Note the code: the algorithm. I believe that what we have implemented
is GCLOCK, which is very old.

In the interest of full disclosure, descriptions of exactly what
GCLOCK is seem to vary a bit from paper to paper, but at least some
papers describe the exact algorithm we use.

> We adopted the clock sweep in 2005, after trying a few
> other things whose performance was worse.  I've not seen any argument in
> this thread that suggests we should abandon clock sweep + usage counts
> entirely.  Rather, to me the issue is that we haven't completely gotten
> rid of the last vestiges of the old global freelist approach.

Well, I think that switching from one clock sweep to a clock sweep per
backend would be basically an abandonment of the current approach.
The results might be better or worse, but they'd surely be different.
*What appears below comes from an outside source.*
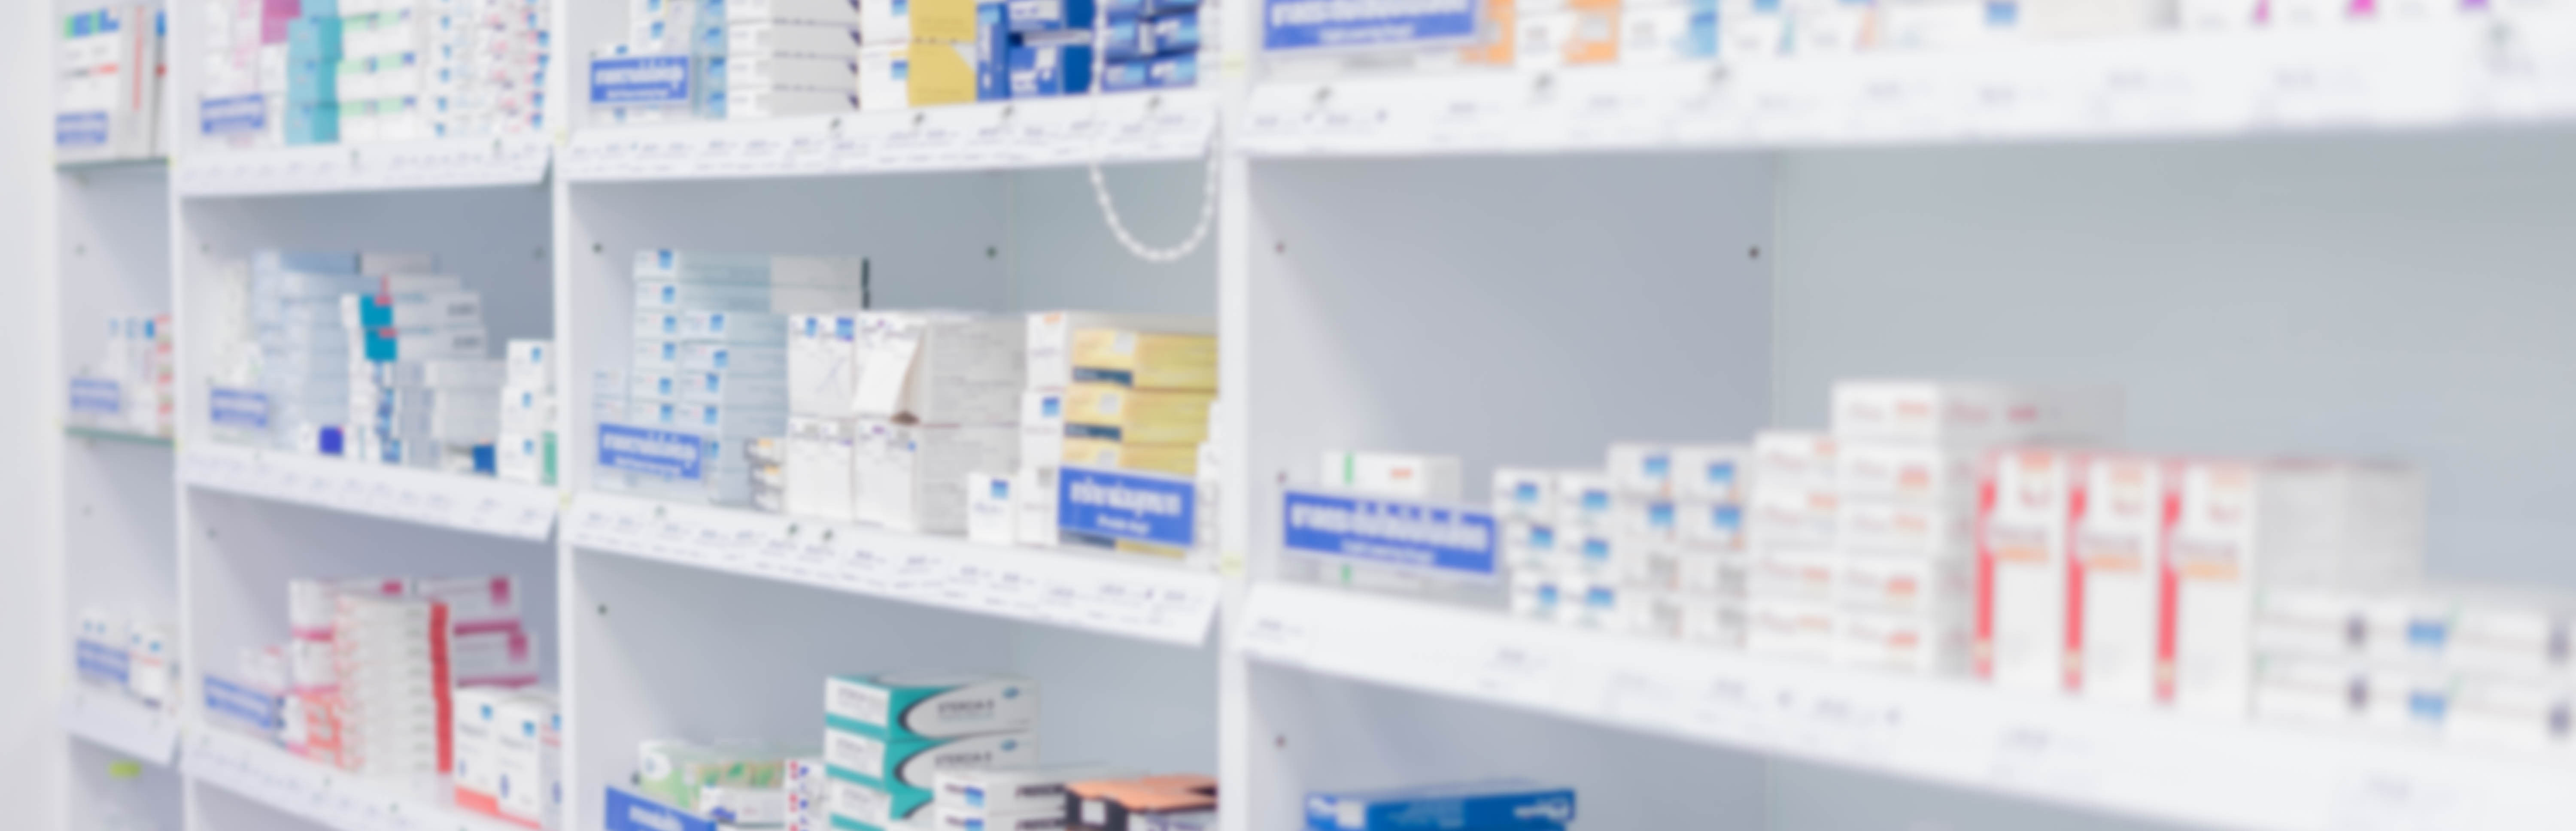 Pharmacy shelf with prescription drugs

> BTW, it might be worth pointing out something I was trying to explain
> to Amit at PGCon: the key reason that we went with usage counters rather
> than something like a global LRU chain is that in the fast path where
> ReadBuffer finds the requested block already in a buffer, it does not
> have to contend for any global data structure to update the buffer's
> usage information.  It just has to bump the usage count in the buffer's
> header.  The free list, and the contention for BufFreelistLock, only
> matter in the slow path where you're going to have to incur I/O anyway
> (or at least a visit to the kernel).  That seemed plenty good enough
> in 2005.  Our ambitions have now advanced further, so I'm on board with
> trying to reduce contention here too, but I think it would be a mistake
> to make the fast case any slower.

Totally agreed. We're not the first people to think of this, either:
CLOCK and GLOCK have been extensively studied and found to be almost
as good as LRU in selecting good victim pages, but with less
contention. That's why people are using them.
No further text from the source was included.